Next, we will initialize our environment as described in detail in our ["Getting Started" notebook](Level0_getting_started_with_Llama_Stack.ipynb). Please refer to it for additional explanations.

In [3]:
# for accessing the environment variables
import os
from dotenv import load_dotenv
load_dotenv()

# for communication with Llama Stack
from llama_stack_client import LlamaStackClient

# pretty print of the results returned from the model/agent
import sys
sys.path.append('..')  
from src.utils import step_printer
from termcolor import cprint

base_url = "http://llama-stack.genaiops-rag.svc.cluster.local:80" #os.getenv("REMOTE_BASE_URL")

# Tavily search API key is required for some of our demos and must be provided to the client upon initialization.
# We will cover it in the agentic demos that use the respective tool. Please ignore this parameter for all other demos.
tavily_search_api_key = os.getenv("TAVILY_SEARCH_API_KEY")
if tavily_search_api_key is None:
    provider_data = None
else:
    provider_data = {"tavily_search_api_key": tavily_search_api_key}


client = LlamaStackClient(
    base_url=base_url,
    provider_data=provider_data
)
    
print(f"Connected to Llama Stack server")

# model_id for the model you wish to use that is configured with the Llama Stack server
model_id = "llama32-3b"

temperature = float(os.getenv("TEMPERATURE", 0.0))
if temperature > 0.0:
    top_p = float(os.getenv("TOP_P", 0.95))
    strategy = {"type": "top_p", "temperature": temperature, "top_p": top_p}
else:
    strategy = {"type": "greedy"}

max_tokens = int(os.getenv("MAX_TOKENS", 4096))

# sampling_params will later be used to pass the parameters to Llama Stack Agents/Inference APIs
sampling_params = {
    "strategy": strategy,
    "max_tokens": max_tokens,
}

stream_env = os.getenv("STREAM", "True")
# the Boolean 'stream' parameter will later be passed to Llama Stack Agents/Inference APIs
# any value non equal to 'False' will be considered as 'True'
stream = (stream_env != "False")

print(f"Inference Parameters:\n\tModel: {model_id}\n\tSampling Parameters: {sampling_params}\n\tstream: {stream}")

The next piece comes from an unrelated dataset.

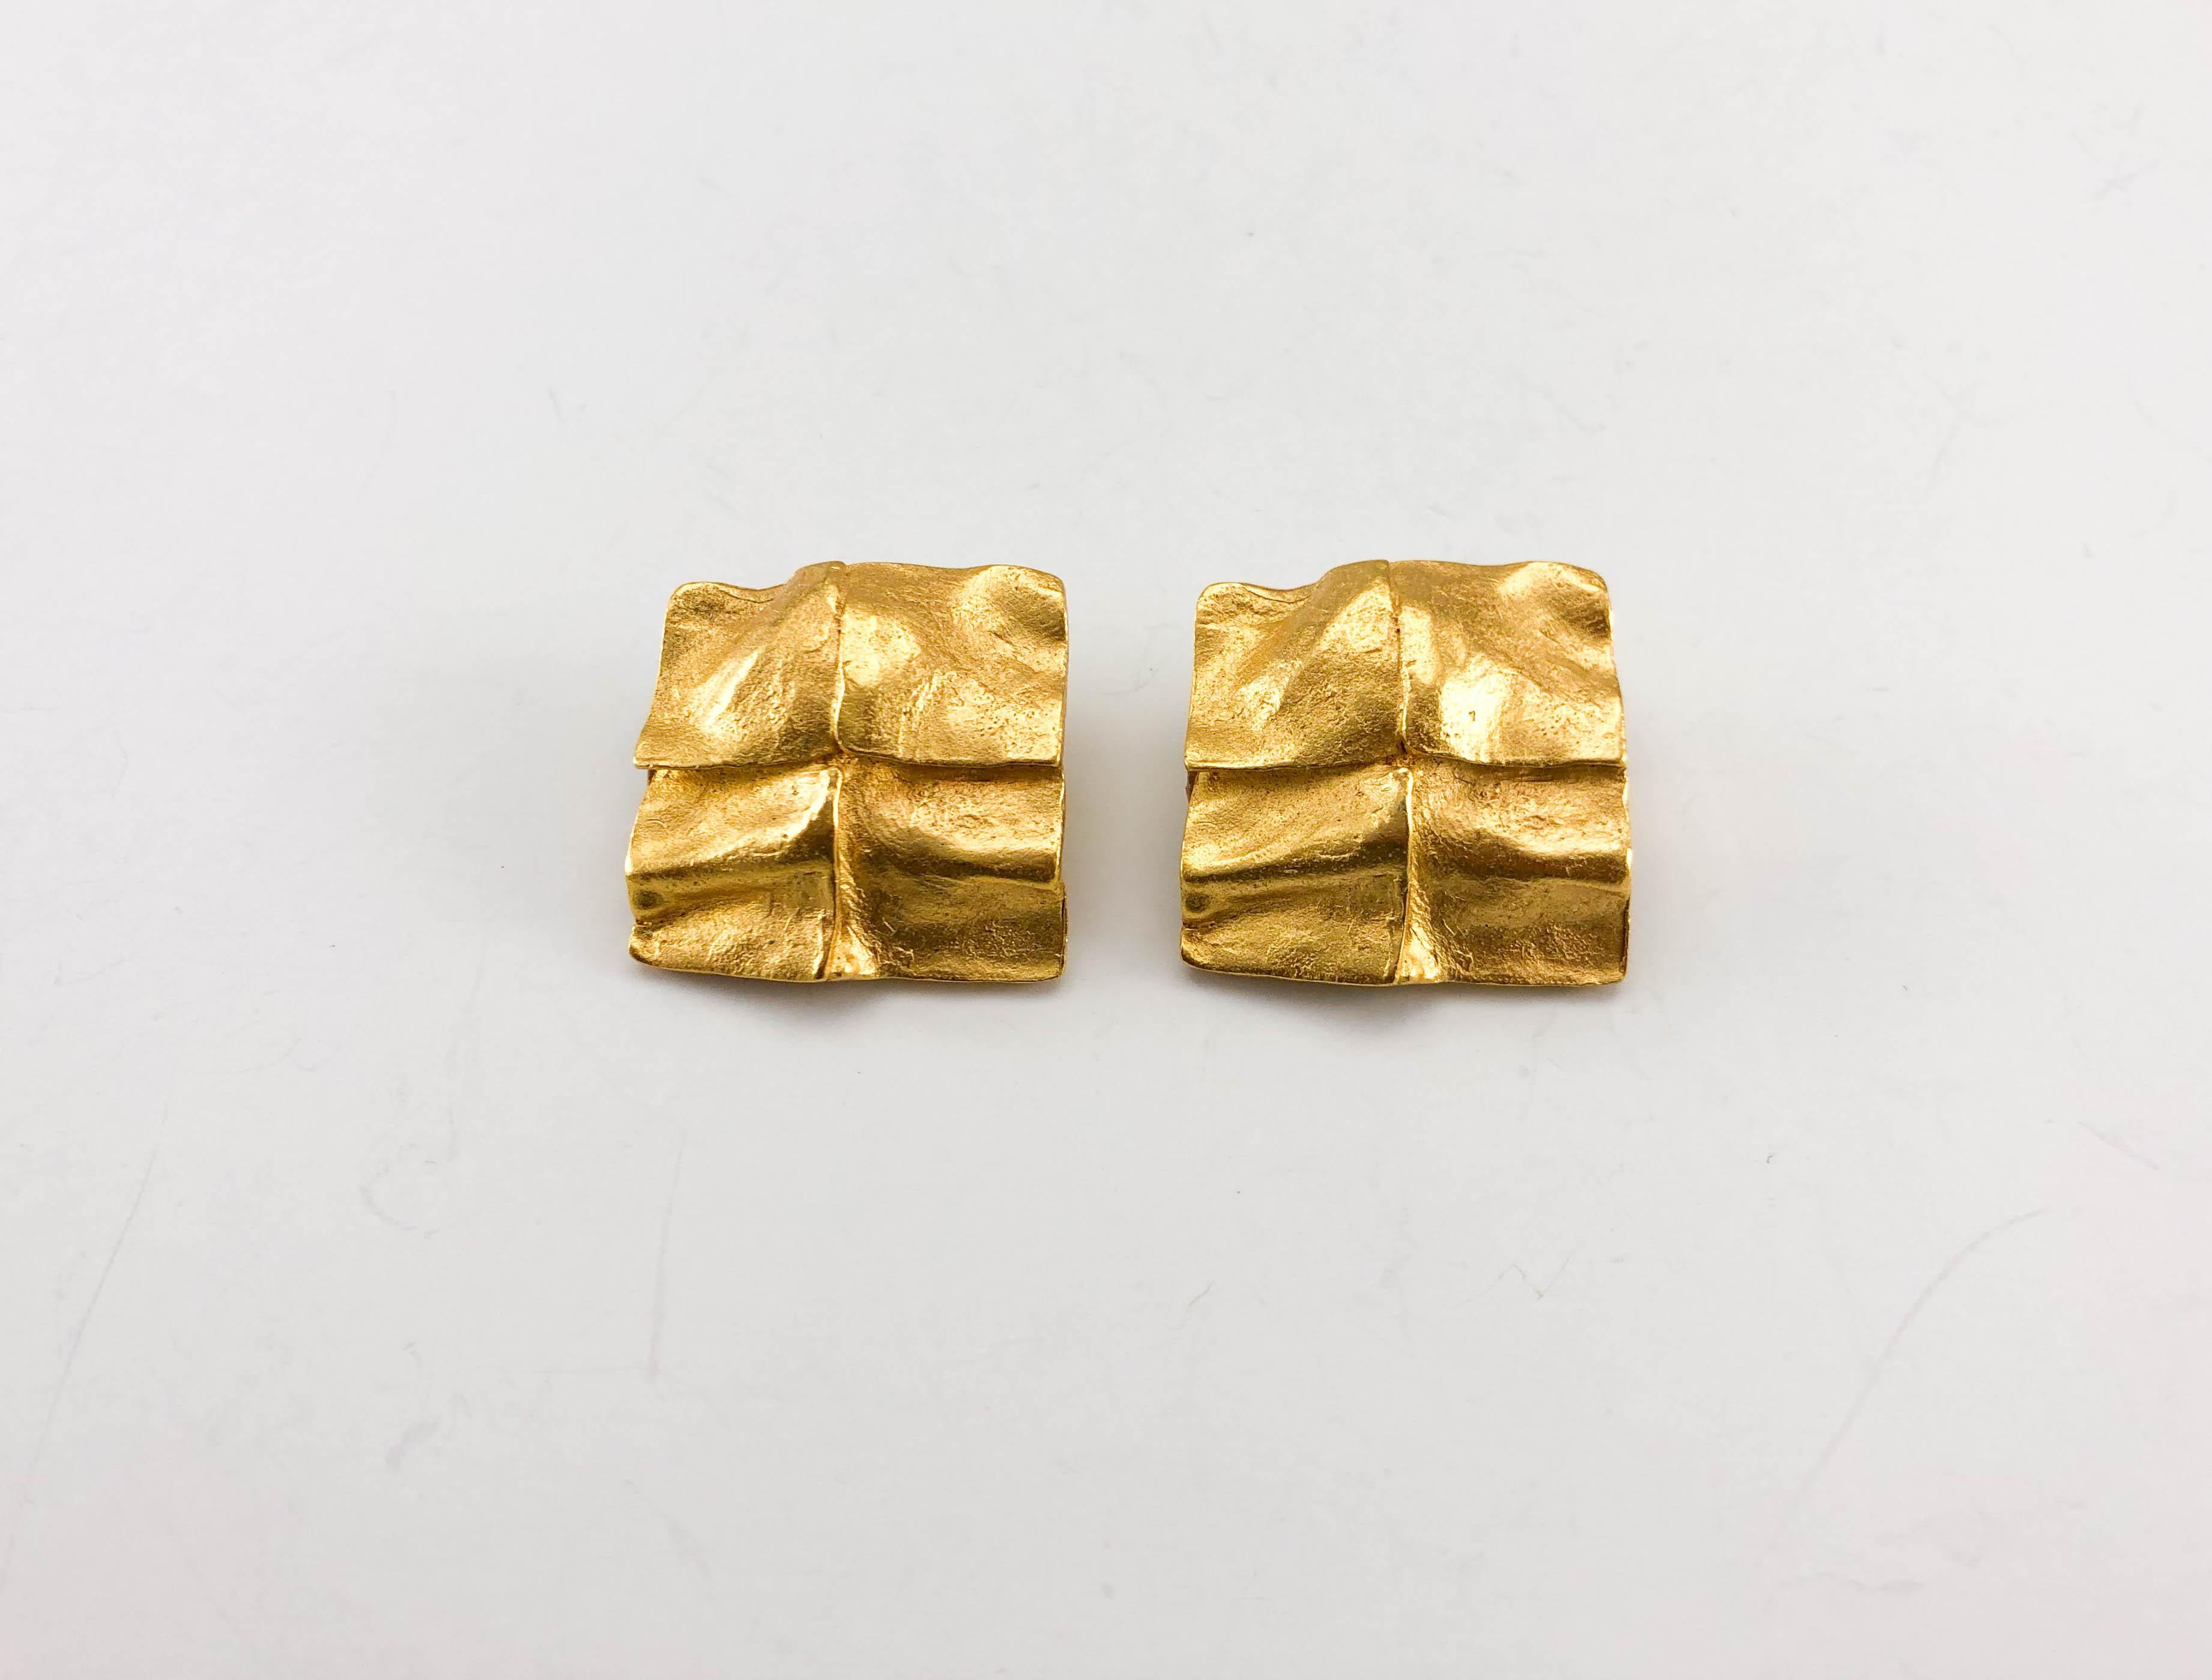 Vintage Yves Saint Laurent Gold-Plated Square Clip-on Earrings. These beautiful earrings by Yves Saint Laurent were created by Robert Goossens in the 1980’s. Made in gold-plated metal, the design resembles molten gold. YSL signed on the back. An

Connected to Llama Stack server
Inference Parameters:
	Model: llama32-3b
	Sampling Parameters: {'strategy': {'type': 'greedy'}, 'max_tokens': 4096}
	stream: True


Finally, we complete the setup by initializing the document collection we will use for RAG ingestion and retrieval.

In [4]:
vector_db_id = f"test_vector_db_{uuid.uuid4()}"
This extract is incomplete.